이후 cursor 기반으로 전환하면서 total_count를 제거했습니다.

전환 이유:

OFFSET이 커질수록 DB가 이전 행을 모두 읽어야 해서 느려집니다
아이템이 추가/삭제되면 페이지 윈도우가 밀려서 중복/누락 발생
total_count 계산 = COUNT(*) = 대규모 테이블에서 풀 스캔

Slack의 현재 API: next_cursor가 빈 문자열이면 마지막 페이지. 총 건수 없음.

내부적으로 limit + 1개를 조회하여 다음 페이지 존재 여부를 판별합니다.
이것이 Spring Data의 Slice<T>와 동일한 패턴입니다.

출처: Evolving API Pagination at Slack — Slack Engineering

3) 네이버 — 섹션별 분리 + 최대 ~30페이지 제한, 전체 건수 미노출

네이버는 Google과 달리 통합 검색 결과를 섹션별로 분리합니다 (블로그, 뉴스, 카페, 웹문서 등).
각 섹션은 최초 5건 정도만 보여주고 “더보기”로 해당 섹션 전용 페이지로 이동시킵니다.
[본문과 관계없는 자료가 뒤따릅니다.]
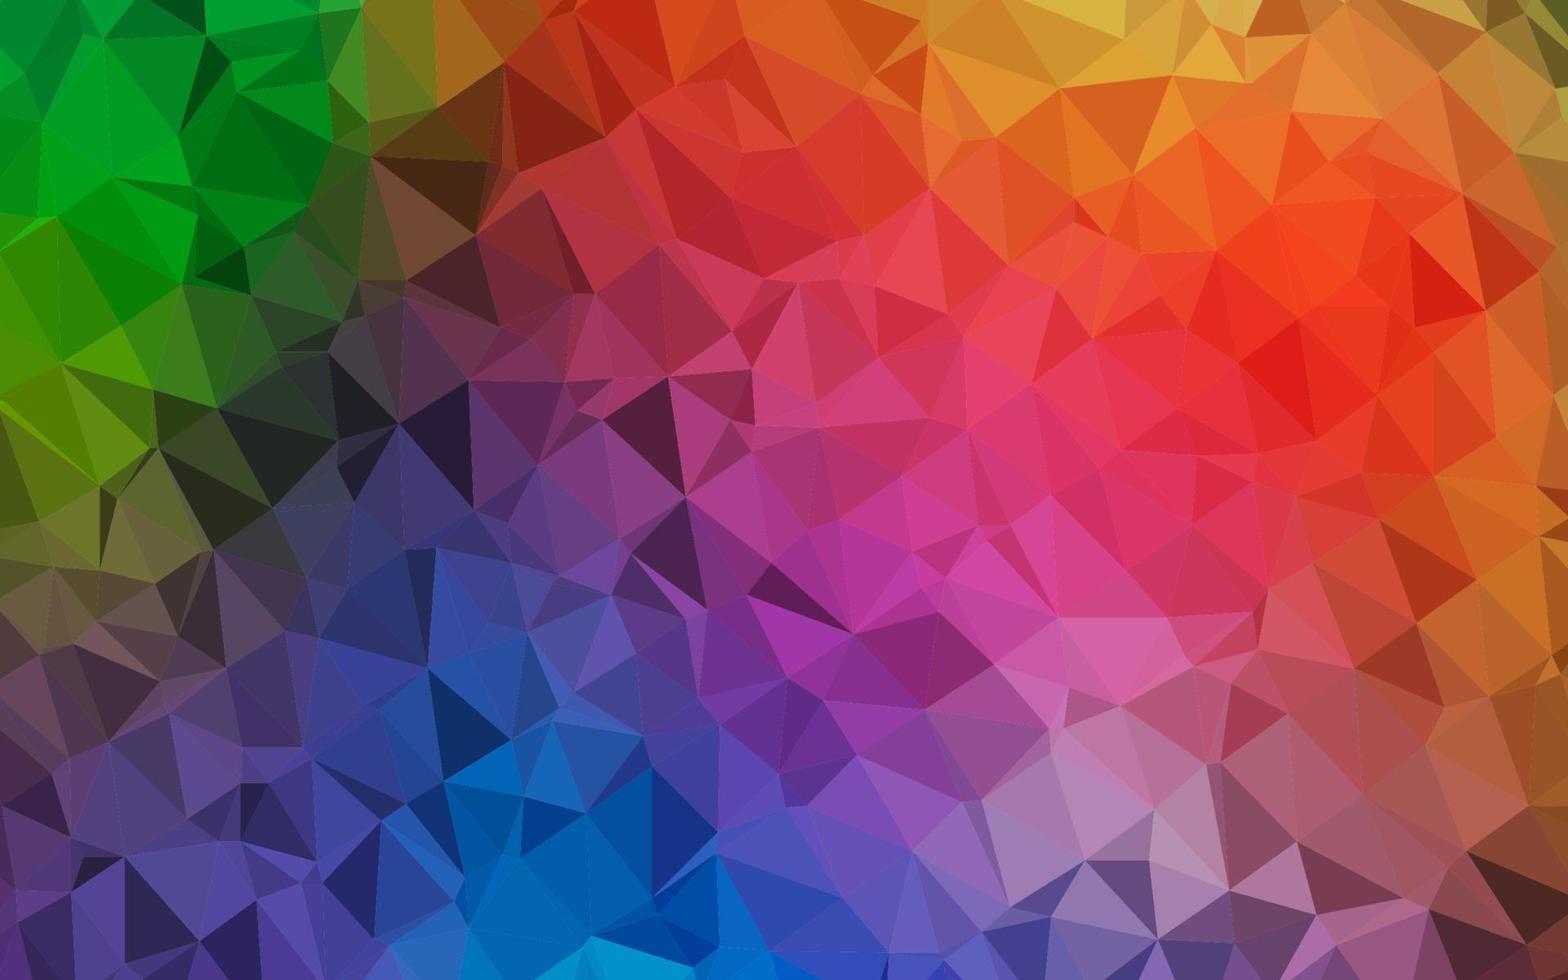 helles mehrfarbiges, abstraktes polygonales Layout des Regenbogenvektors. vektor

전체 검색 결과 건수를 통합 검색 페이지에 표시하지 않습니다
섹션 전용 페이지(블로그 탭, 뉴스 탭)에서도 최대 ~30페이지까지만 제공
(SerpApi — Naver Search API)
페이지네이션은 start 파라미터 기반 OFFSET 방식이며, 웹 검색은 페이지당 10건, 쇼핑은 40건

네이버의 접근법은 Google과 다르지만 결론은 같습니다:
“총 N건” 같은 전체 건수를 사용자에게 보여주지 않으며, 깊은 페이지 접근을 구조적으로 차단합니다.

네이버는 2024년 이후 AI 기반 검색(Cue:)으로 전환을 진행 중이며,
전통적인 10-blue-links 페이지네이션 자체가 줄어드는 추세입니다.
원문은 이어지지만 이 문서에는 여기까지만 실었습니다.